Wouldn't any other copolymer work equally well for this purpose? (I know nothing about chemistry or biology, so this is probably a stupid question.)
In principle sure, as long as you use a different polymer with similar biochemical stability, but a lot of money and tech development has gone into reading and synthesizing DNA in particular. Why reinvent the wheel, so to speak.
Not just tech... life has already provided us with optimized tools for reading, writing, translating, and correcting DNA. The chemical properties of DNA are well known, and it's an incredibly stable molecule.
Doesnt really make sense to switch to a different copolymer.
In fact it might be even better with DNA, since you can use much bigger "alphabet" for this purpose, than nature gave us. Would tremendously increase storage capacity.
There are already xenobases being developed, eg Romesburg. Those add extra bases beyond the 4-5 seen in nature.
I know and was referring to them.
...at the cost of bit errors.
Good point! Makes perfect sense.
I hope they write the data after performing encryption, so hackers can't find biological exploits should they exist.
Is it feasible (in the future) for the human body to host these DNA storage medium/devices?
Maybe in the distant future.
There are really three steps: writing, storage, reading.
Writing: There are dreams of using biology to write DNA (currently we use chemical synthesis). See the San Diego startup Molecular Assemblies.

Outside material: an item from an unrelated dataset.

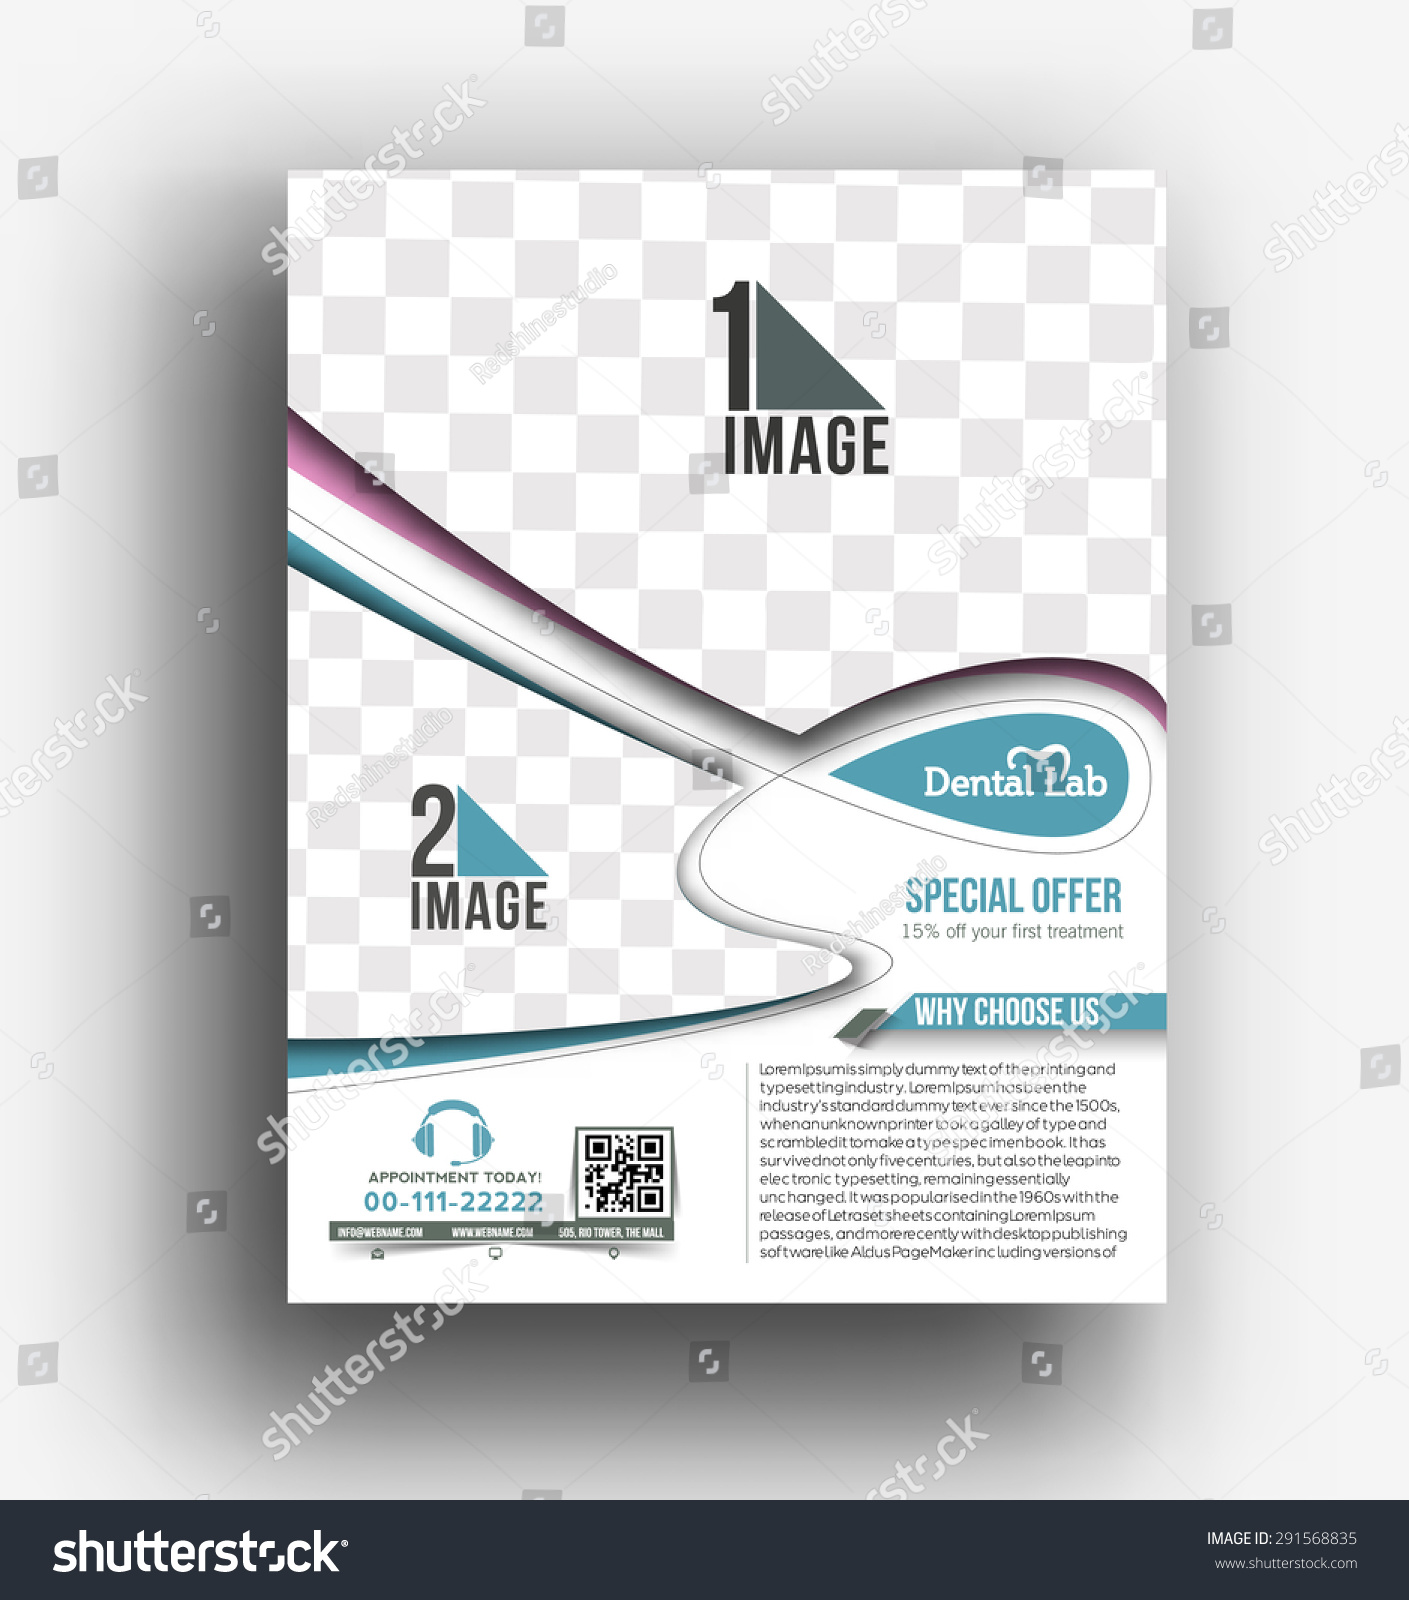 Dental lab front flyer poster template stock vector for Dental lab design layout

That could miniaturize a big part of it and not require your body to host bottles of nasty chemicals. Maybe you could find clever ways of siphoning the chemical building blocks and ATP energy from the host.
Storage and retrieval: maybe just have bioinert containers implanted. You’d like to be able to reuse them so ideally there would be a robust flushing mechanism.
Reading: the Minion reader from Oxford Nanopore that this paper uses is about the size of a usb stick. The technology inside is a hybrid of electronics and protein. This technology will undoubtedly get better and smaller as sequencing has a a lot of R and D money going into it.
I wouldn't put exogenous nonsense DNA into my body. That's just asking for a bad time.
Computer viruses are about to converge with the biological ones.
This could bring a whole new meaning to the words "computer virus".
There are so many science fiction novel to write using this as a starting point...
Yeah, like owing "blood rent" to the descendants of proprietary works that pass their copyrighted material to their offspring. Or land rights, or special social privilege. Or the answer keys for professional and entrance examinations. Or classified data. Suddenly you have to have your genome sequenced to walk through the airport and documented status is conferred by blood.
I'm not being a luddite here on purpose, but over long time scales there's a tremendous potential for this kind of technology to push towards a kind of class differentiated society in the way most of us would despise.
Some technologies are leveling, like roads or mass transit or vaccines or industrially produced consumables. I don't see public institutions putting libraries in the seeds of apple trees as a civilizational fail safe, whether that's centrally planned economies or democracies. But maybe you could get an ethnostate like Israel to include the talmud in your cells or your microbiome when you settle on occupied land. Best case scenario with body horror is that it becomes like tattoos. I await the forthcoming Atwood book with that slightly alarmist slant.
We were supposed to have annihilated all of human life in a nuclear firestorm. But somehow we did manage to survive. Sure, the Great Firewall and China's potent surveillance system does alarm me greatly. But as long as the people who create these technologies also work in a society which places responsible limitations on their use, we might just be able to get to being an interplanetary species at some point.
Once humanity becomes capable of living and thriving in different planets/outer space without the mother planet is when things will start getting really interesting.
I would not rule out nuclear catastrophe just yet. The technology has only been available for 75 years. So far most of the weapons have been in the hands of nations with stable command and control structures. That may not be the case in the next few decades.